Extracted data
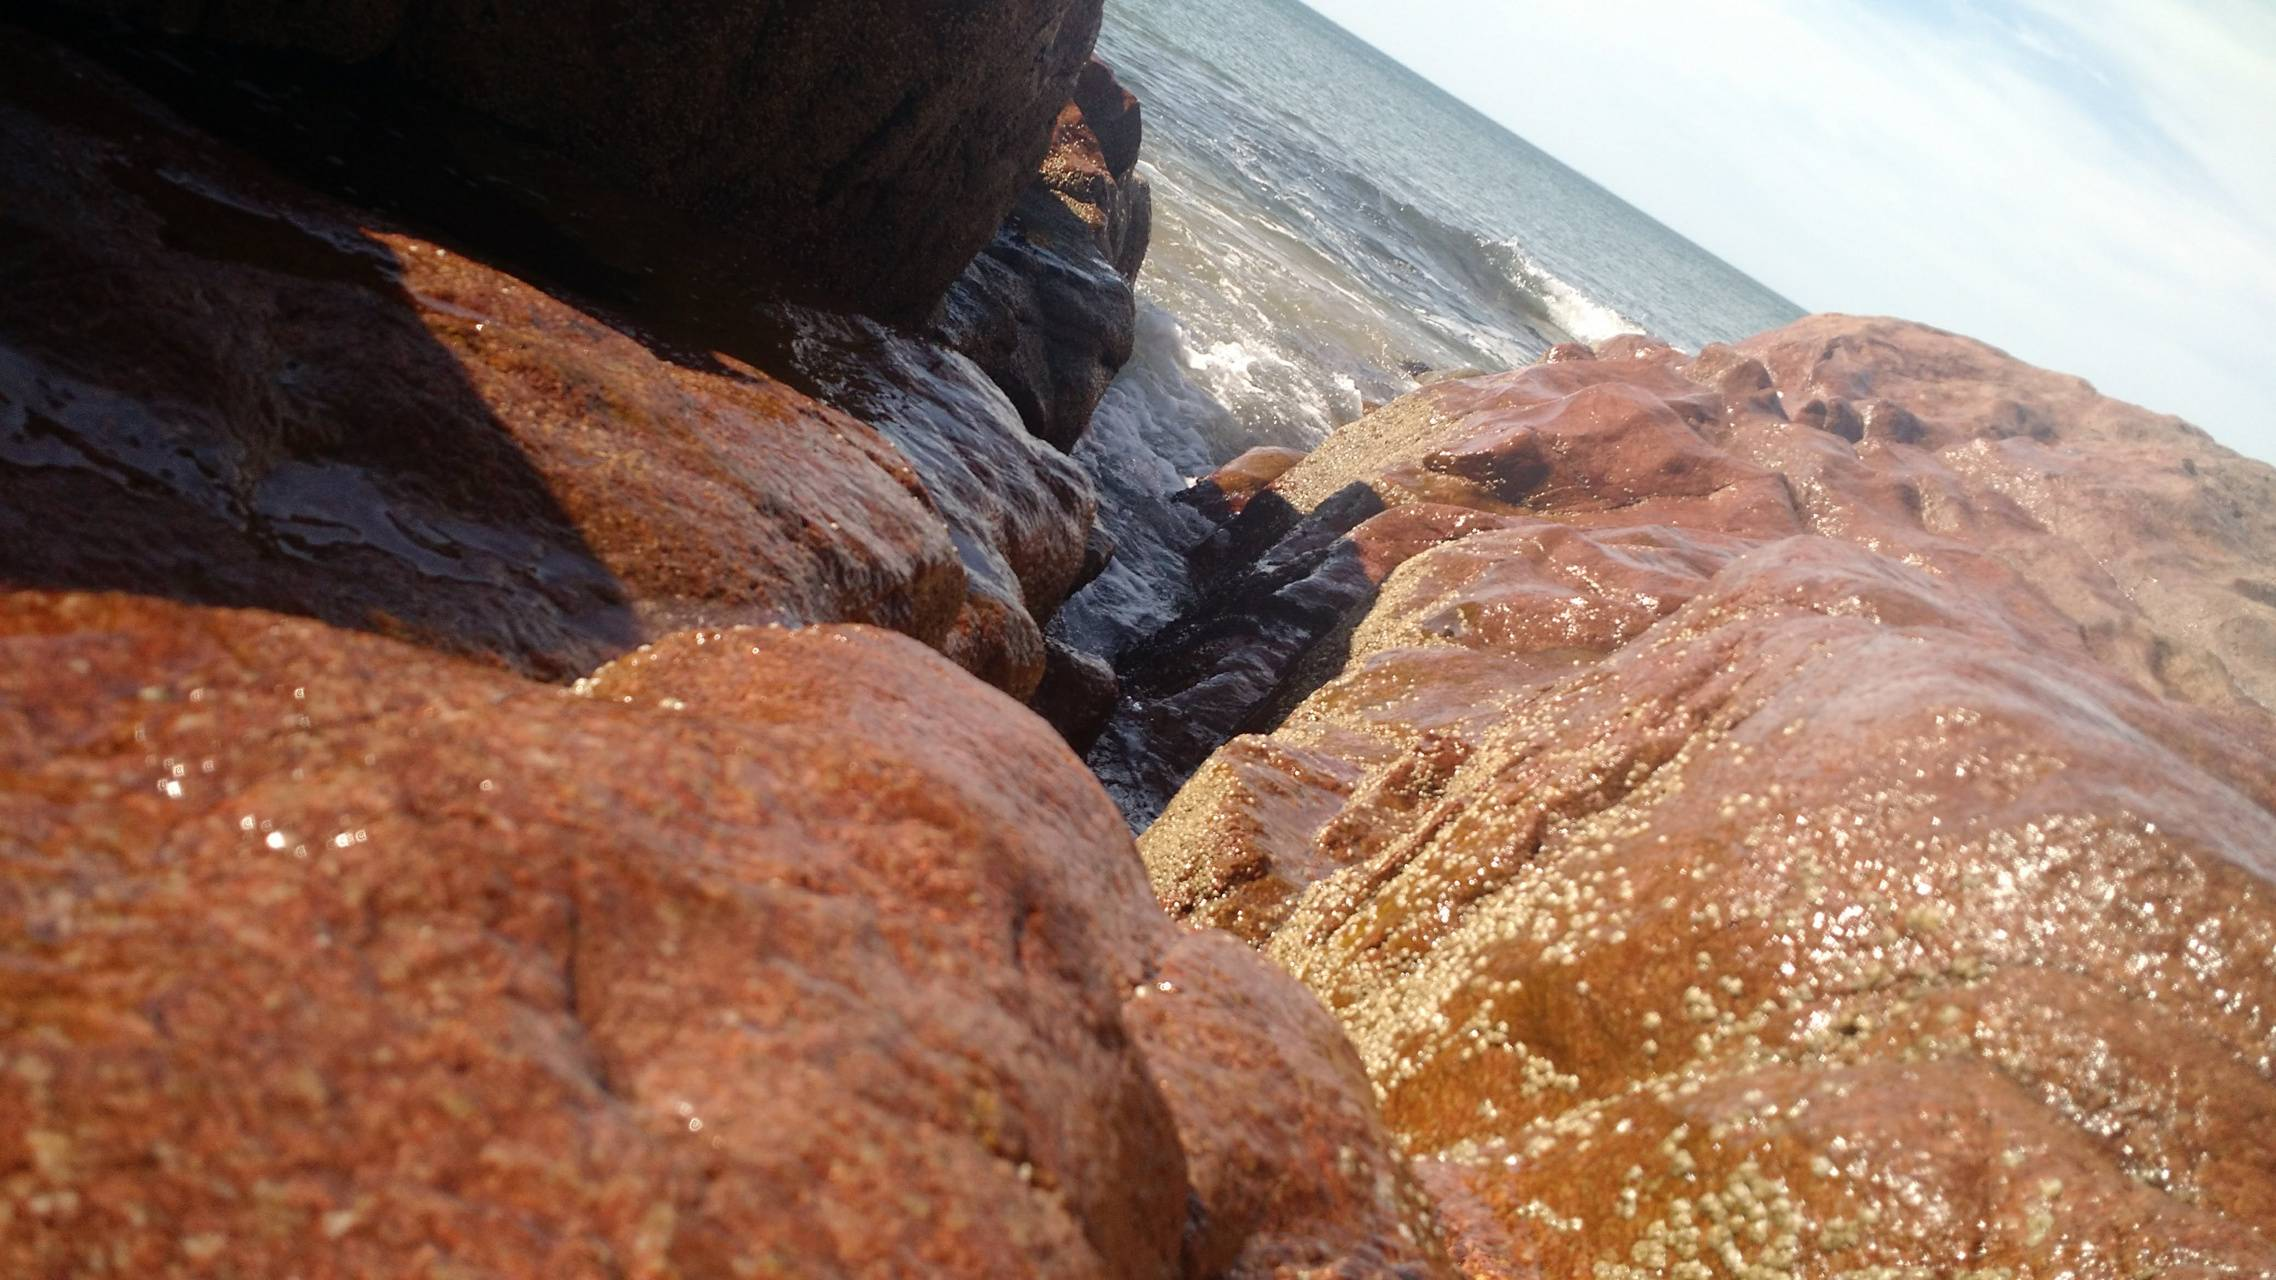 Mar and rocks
---
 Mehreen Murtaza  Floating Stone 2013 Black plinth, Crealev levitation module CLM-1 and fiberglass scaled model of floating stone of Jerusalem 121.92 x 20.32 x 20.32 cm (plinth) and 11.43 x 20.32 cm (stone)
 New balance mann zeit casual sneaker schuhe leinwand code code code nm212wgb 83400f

Description of the task
Would you please write out, exactly and with no other lines, the stretch of the listing above from the line containing "20.32 cm (stone)" through the line containing "New balance mann"?

Reply to the exercise
 Mehreen Murtaza  Floating Stone 2013 Black plinth, Crealev levitation module CLM-1 and fiberglass scaled model of floating stone of Jerusalem 121.92 x 20.32 x 20.32 cm (plinth) and 11.43 x 20.32 cm (stone)
 New balance mann zeit casual sneaker schuhe leinwand code code code nm212wgb 83400f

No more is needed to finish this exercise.